Reversibility of airway inflammation and remodelling following cessation of antigenic challenge in a model of chronic asthma

Authors


R. K. Kumar, Department of Pathology, University of New South Wales, Sydney 2052, Australia.
E-mail: R.Kumar@unsw.edu.au

Summary

Background Asthma is associated with recruitment of eosinophils, accumulation of chronic inflammatory cells in the airway walls, subepithelial fibrosis and other structural changes of airway wall remodelling. The role of ongoing exposure to allergens in their pathogenesis remains unclear.

Objective To examine whether changes of inflammation and remodelling were reversible following cessation of antigenic challenge in a mouse model of chronic asthma.

Methods BALB/c mice sensitized to ovalbumin (OVA) were chronically challenged by inhalation of a low mass concentration of antigen for 8 weeks, leading to development of acute-on-chronic airway inflammation, subepithelial fibrosis and other changes of airway wall remodelling. Epithelial injury was assessed by immunohistochemistry, while inflammation and remodelling were quantified by appropriate histomorphometric techniques. Regression of lesions was assessed in animals examined at 1, 2 and 4 weeks after exposure to OVA ceased.

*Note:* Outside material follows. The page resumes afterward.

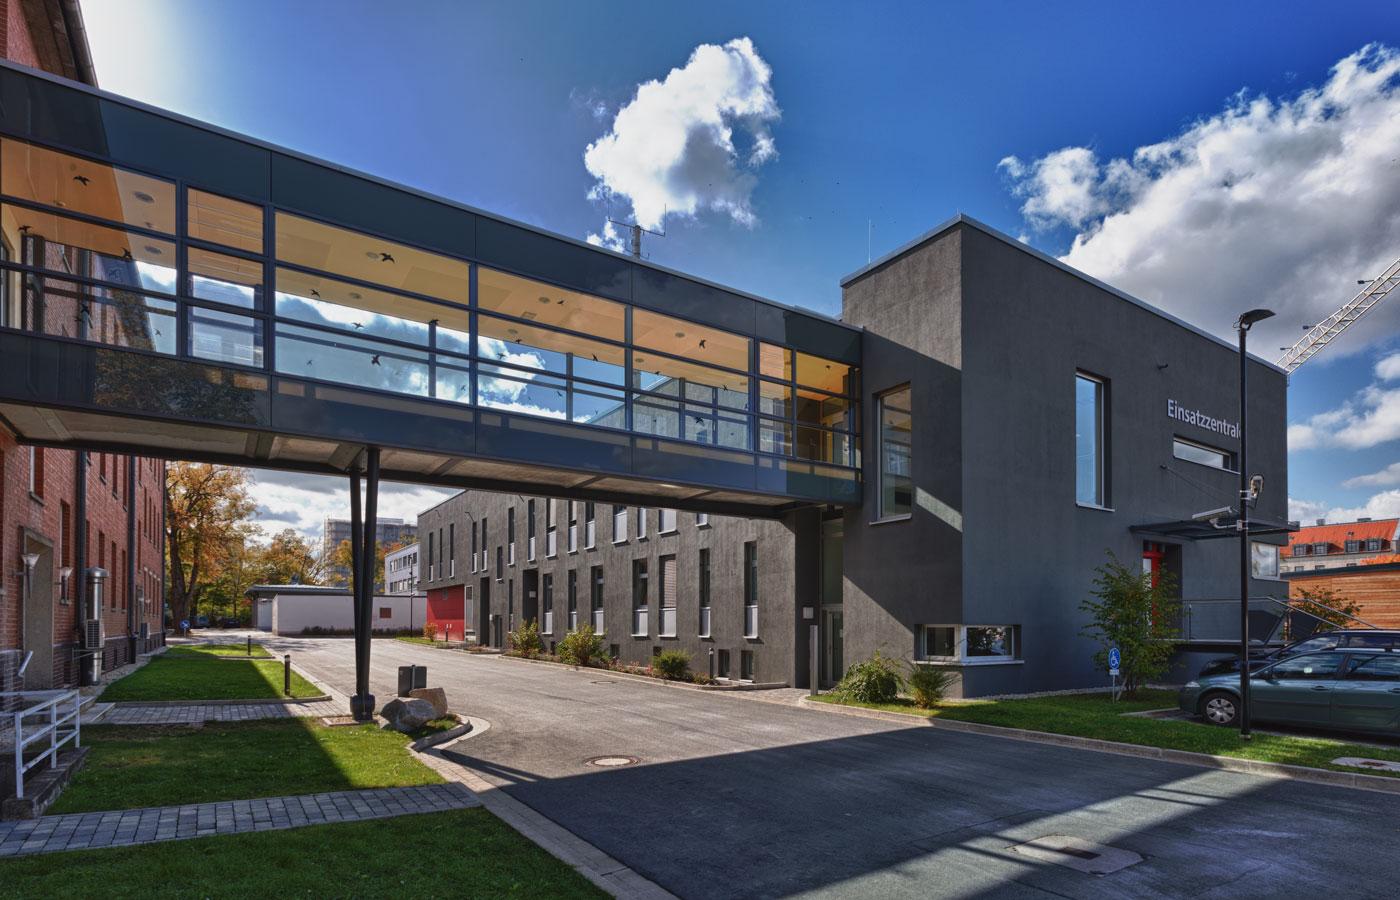 Bei hauck architektur erhalten architektur und wohnen eine neue dimension denn wir beraten unsere kunden umfassend kümmern uns um alle details und stehen

Results We did not find evidence of airway epithelial injury in this model of low-level chronic inhalational exposure to antigen. Persistence of the recruitment of eosinophils and chronic inflammatory cells in the airway walls was dependent on continuing antigenic challenge, as was persistence of mucous cell hyperplasia/metaplasia. Subepithelial fibrosis and epithelial hypertrophy exhibited delayed reversibility following cessation of exposure to antigen, possibly related to matrix-associated accumulation of transforming growth factor-β1.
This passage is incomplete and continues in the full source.